Annex 3.1 Lessons learned from the Functional Specification

Part of the functional specification describes the lessons learned from D923.11. To summarize the most important technical lessons that have influenced the current design significantly, are:

  1. The Test-bed should be open source.

  2. The Test-bed should have a message-oriented architecture.

  3. The Test-bed should use well-defined, easily accessible, syntactically correct messages, and close to common standards.

  4. The Test-bed should be easily reproducible, and offer administrative as well as supporting tools and services.

Annex 3.2 Distributed message bus using Apache Kafka

Based on the functional requirements and lessons 1 and 2, and an analysis of many existing message-oriented systems, the Test-bed's backbone is built upon the distributed streaming service, Apache Kafka.
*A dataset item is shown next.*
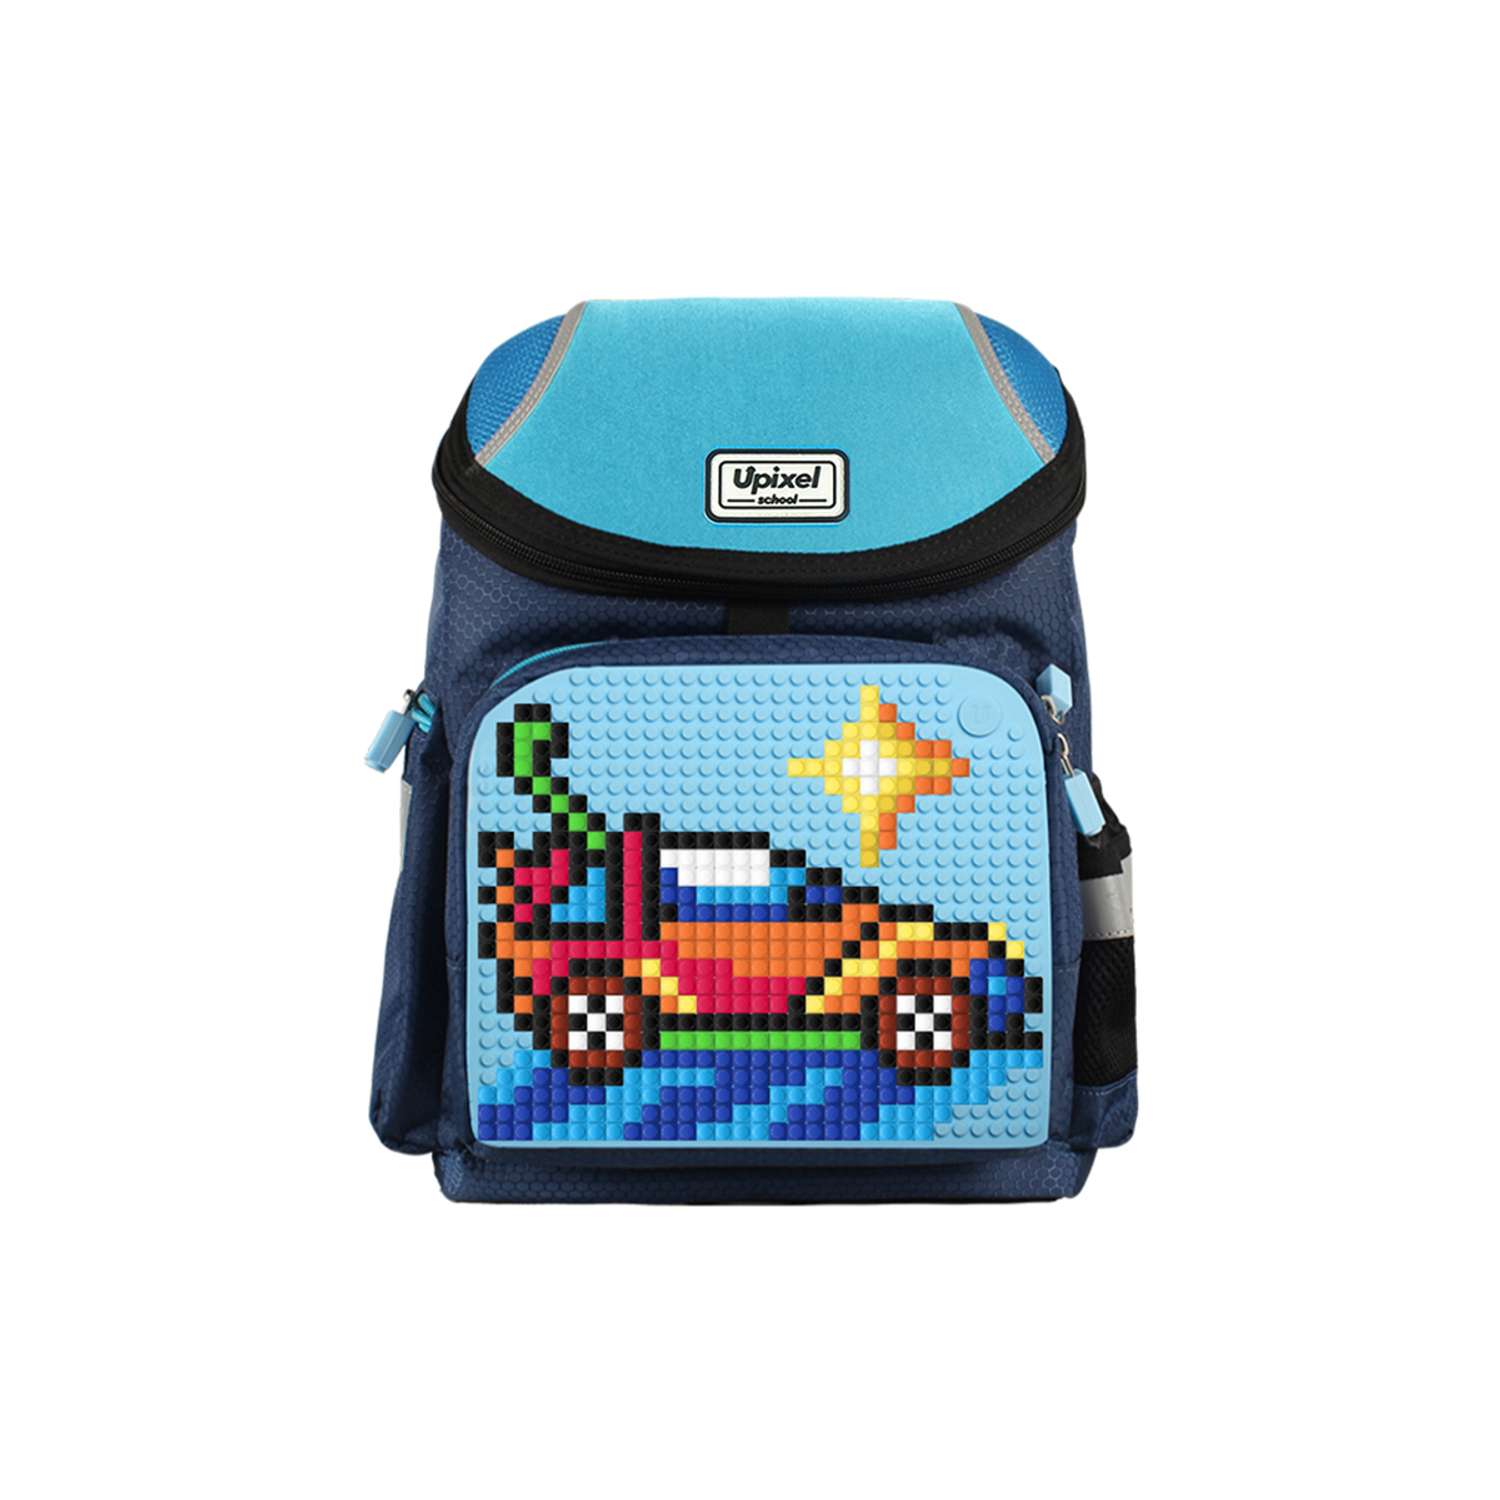 Рюкзак школьный Upixel super Class school bag WY-A019 Темно-синий - фото 1

The main reasons to use Kafka are:

  • Kafka allows for high performance sending and receiving of a very large number of messages.

  • Kafka allows for fast data replication and supports multiple receivers on the same message topic.
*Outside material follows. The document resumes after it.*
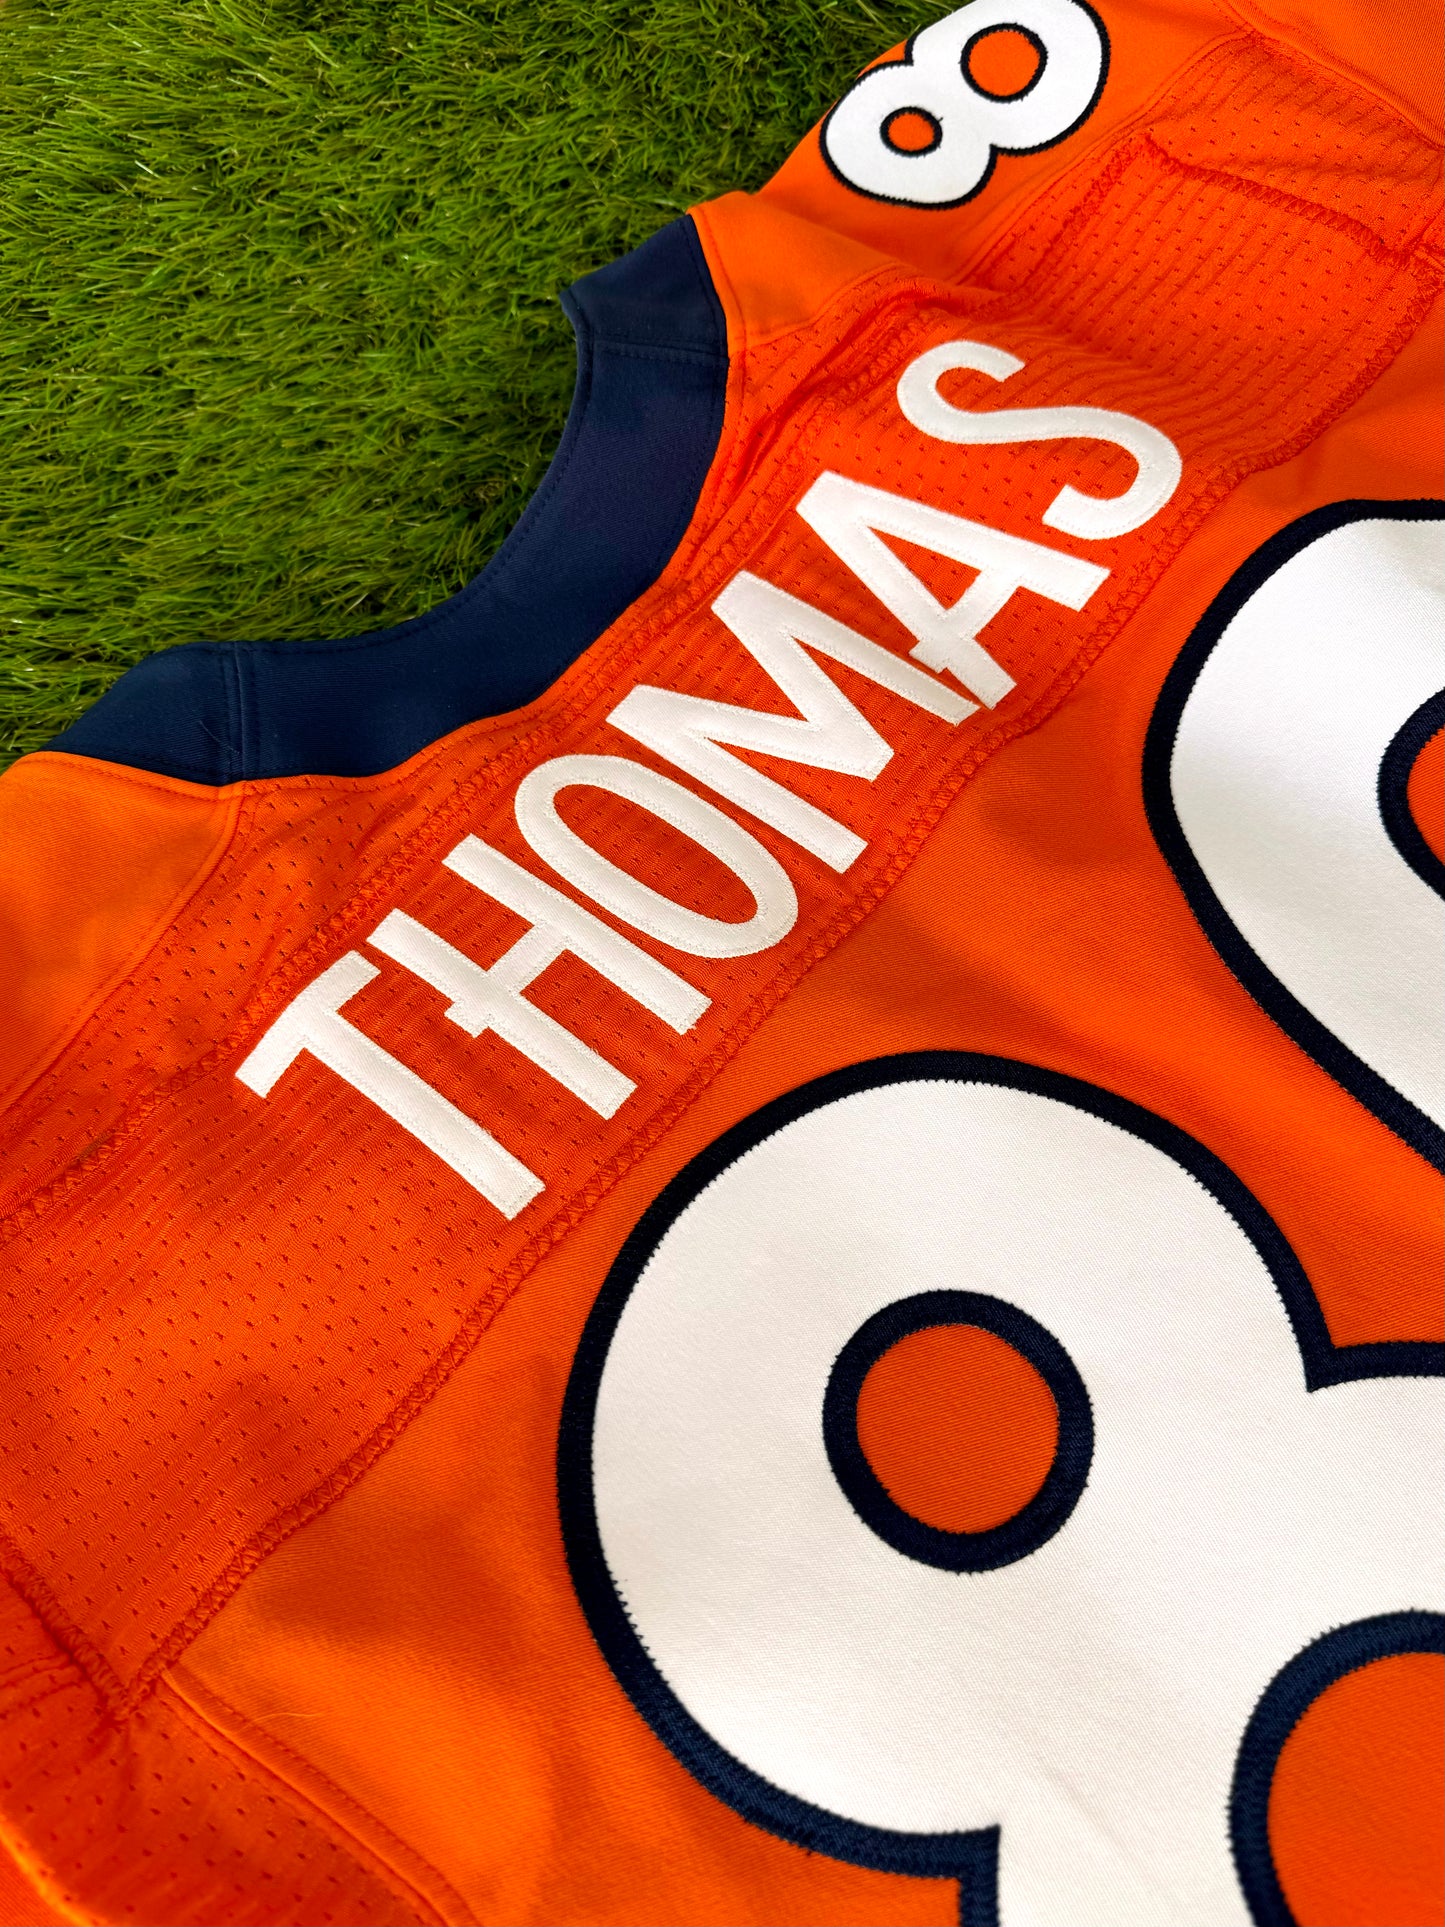 Denver Broncos Julius Thomas 2014 Game Worn NFL Football Jersey (44/Large)

  • Kafka is a highly durable messaging system, persisting messages on the server or complete distributable file systems.

  • Kafka is a distributed system, making it scalable in the amount of message topics, senders and receivers.

  • Kafka already has a large developer community, making it possible to easily use community-released tools to the current framework and assuring sustainability of Kafka.

  • Kafka already has several security and message validation modules present, that will make it easier for simulators to safely connect to the CSS.

Besides Apache Kafka, there are numerous popular open source messaging systems that were considered: ActiveMQ, RabbitMQ, and ZeroMQ. The main reason for using Kafka, however, is its speed, low latency, and the fact that it is built from the ground up to be distributed. Especially for the simulators that are connected to the Test-bed, speed and low-latency are very important. And Kafka can easily process up to 100,000 messages per second, 10 times as much as the others. Its distributed nature allows to not only separate simulators and solutions, if required, but also supports having a reliable cross-site communication framework. Additionally, with its schema registry, it has excellent support for message validation out-of-the-box, which is detailed in the next section. The same applies to message persistency. Each message is immediately persisted to disk for a set time, which is easy for After-Action-Reviews, but also for clients that are not continuously online. In most messaging systems, when a consumer is briefly offline, the message is lost forever unless special care is taken to persist them.

Annex 3.3 Well-defined messages using Apache AVRO

Being able to communicate using well-defined messages is of primordial importance for any messaging system, and the Test-bed uses Apache AVRO.

AVRO provides:

  • Rich data structures.

  • A compact, fast, binary data format.

  • A container file, to store persistent data. For example, you could save all logged AVRO messages into a file, which also includes the schema file. This means that you will always be able to read the file at a later date, as is contains all the information to decode the messages.

  • Remote procedure call (RPC).

  • Simple integration with dynamic languages. Code generation is not required to read or write data files nor to use or implement RPC protocols. Code generation as an optional optimization, only worth implementing for statically typed languages.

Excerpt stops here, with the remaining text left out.